# Filtering

Earlier, we mentioned that most of our notebooks, and even some of our individual cells, follow a fairly standard pattern:

1. Read Data
2. Clean Data
3. **Filter Data**
4. Process Data
5. Output Data

This article will be about filtering data.

Once you have a good dataset in memory, your going to want to do stuff to that dataset.

Sometimes though, there is more data in the dataset than you really need.  Perhaps you only want to work on a small subset, a few weeks of data for instance. Maybe you want to throw out any rows that you know have nothing to do with your problem based on some particular columns value.

As a result, you will want to do some filtering to get to just the data you need.

This phase of the task should be done as early as possible.  The less data in your dataframe, the less work you will have to do to transform it a process it, so its always a good idea to filter the data down to a smaller working set as you go. This may take more than one filter phase, and may require calculations to be done to work out what to filter out, but as a general rule of thumb, once you have a clean typed data frame, try to shrink it down to just what you need.

## How Filtering Works

Lets look at how the pandas filtering works internally.

When you do filtering or boolean indexing in pandas, you're specifying conditions to select specific rows (or columns) in the DataFrame (or Series). Here's a general overview of how this works:

#### Step 1: Evaluation of the Boolean Condition

When you do something like:

```python
df[df['Age'] > 30]
```
What happens under the hood is similar to applying the '>' operation to the 'Age' series, and this results in a Boolean series with the same index as that of DataFrame 'df'.

#### Step 2: Masking with the Boolean Series

This Boolean series is then used to mask the original DataFrame. It returns only the rows where the corresponding value in the Boolean series is True. Any False values result in those rows being dropped from the subset.

#### Step 3: Return Subset DataFrame

The end result is a new DataFrame that includes only rows that satisfied the condition (or conditions when you use multiple conditions chained together with '&' or '|'). The original DataFrame remains unaltered, unless you assign the result to the original DataFrame.

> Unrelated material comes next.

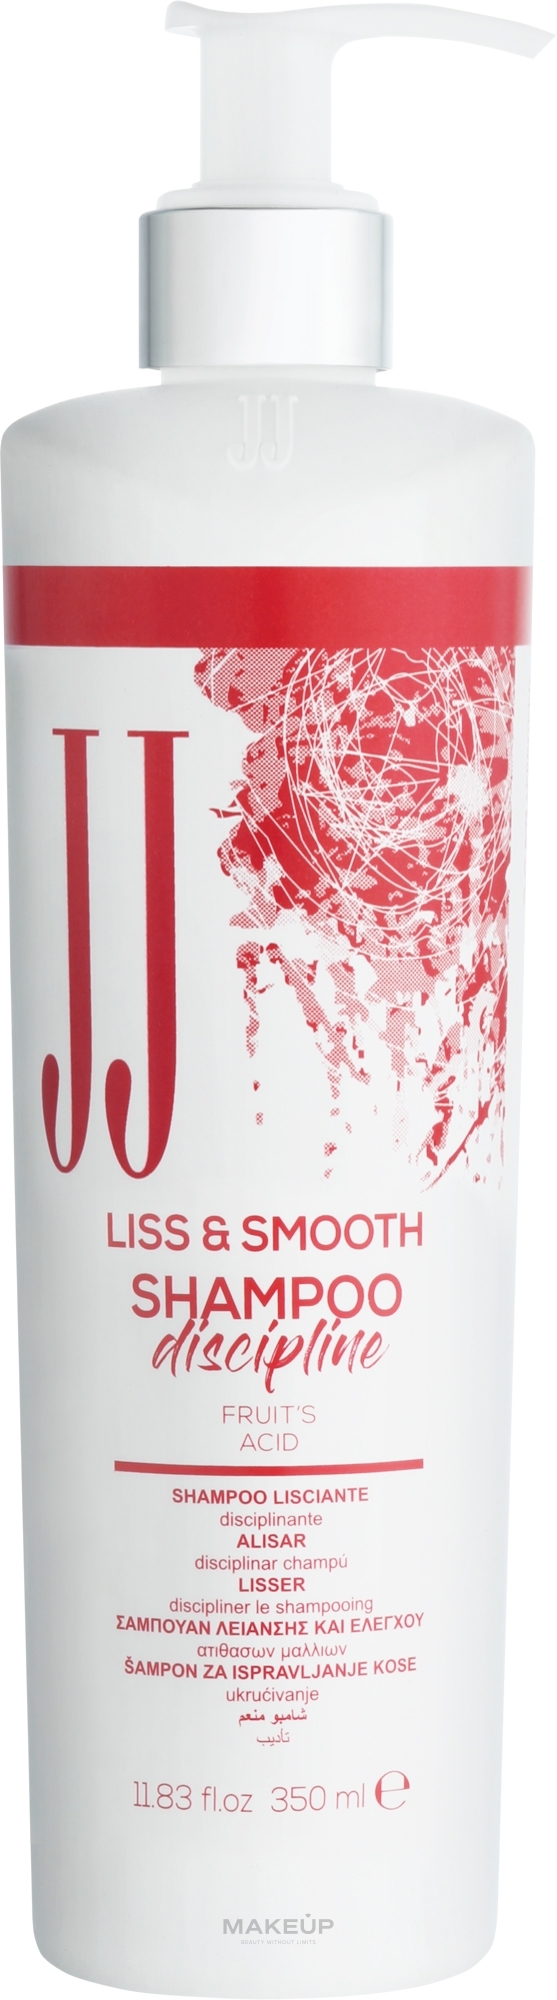 Шампунь для гладкості неслухняного волосся - JJ Liss & Smooth Shampoo Discipline — фото 350ml
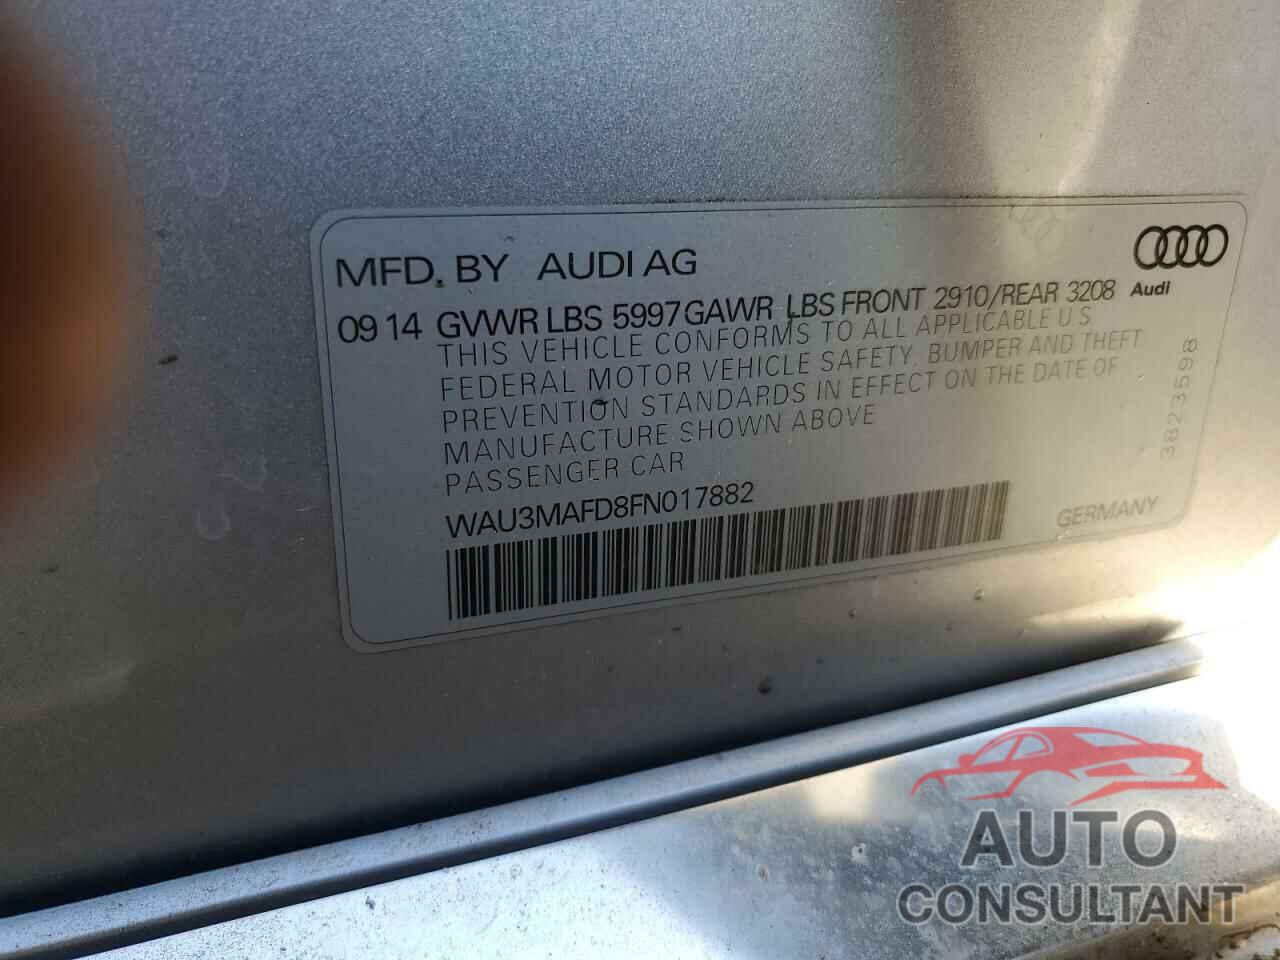 AUDI A8 2015 - WAU3MAFD8FN017882

For complex conditions, pandas use bitwise operators (& for and, | for or, ~ for not) instead of the typical python logical operators (and, or, not). For using bitwise operators, each condition has to be enclosed in brackets, as bitwise operators have higher precedence than comparison operators in Python.

For functions like isin and str.contains, pandas first figures out which rows (or columns) pass the condition and then the same process of masking happens.

It's also important to note that the filtering operation in pandas is quite efficient, especially for large datasets, as under the hood pandas uses a vectorized approach (operating on whole arrays) for these computations. This makes pandas filtering faster and more performant than standard Python looping or list comprehension mechanisms.

## Examples

Below are some examples of how to filter a pandas DataFrame.

Example 1: Filtering a DataFrame based on one condition

In [1]:
import pandas as pd

# Assume we have the following DataFrame
data = {
    'Name': ['John', 'Anna', 'Peter', 'Linda', 'James'],
    'Age': [28, 24, 35, 32, 30],
    'City': ['New York', 'Paris', 'Berlin', 'London', 'Sydney']
}
df = pd.DataFrame(data)

# Filter the DataFrame to only include rows where Age > 30
filtered_df = df[df['Age'] > 30]
filtered_df

Unnamed: 0,Name,Age,City
2,Peter,35,Berlin
3,Linda,32,London


Example 2: Filtering a DataFrame based on multiple conditions

In [2]:
# Filter the DataFrame to include rows where Age > 30 and City is 'Berlin'
filtered_df = df[(df['Age'] > 30) & (df['City'] == 'Berlin')]
filtered_df

Unnamed: 0,Name,Age,City
2,Peter,35,Berlin


Example 3: Filtering a DataFrame using the isin function

In [3]:
# Filter the DataFrame to include rows where City is either 'New York' or 'Berlin'
cities = ['New York', 'Berlin']
filtered_df = df[df['City'].isin(cities)]
filtered_df

Unnamed: 0,Name,Age,City
0,John,28,New York
2,Peter,35,Berlin


Example 4: Filtering a DataFrame using the str.contains function (useful for string matching)

In [4]:
# Filter the DataFrame to include rows where Name contains the substring 'a'
filtered_df = df[df['Name'].str.contains('a')]
filtered_df

Unnamed: 0,Name,Age,City
1,Anna,24,Paris
3,Linda,32,London
4,James,30,Sydney


In practice, you may find that filtering occurs in many steps.  You may do some basic filtering, then run some tasks to generate synthetic columns, for instance, and then filter some more.  The basic point I'm trying to make sure I get across is for a variety of reasons, its a good idea to try to shrink your data set down as small as it can get before you start doing your really complex work.

Doing your complex work over fewer rows is going to be faster, and in the world of iterative interactive program exploration that were in, having a nice tight fast retry loop where you keep retrying your experiments and attempts as quickly as possible is very helpful.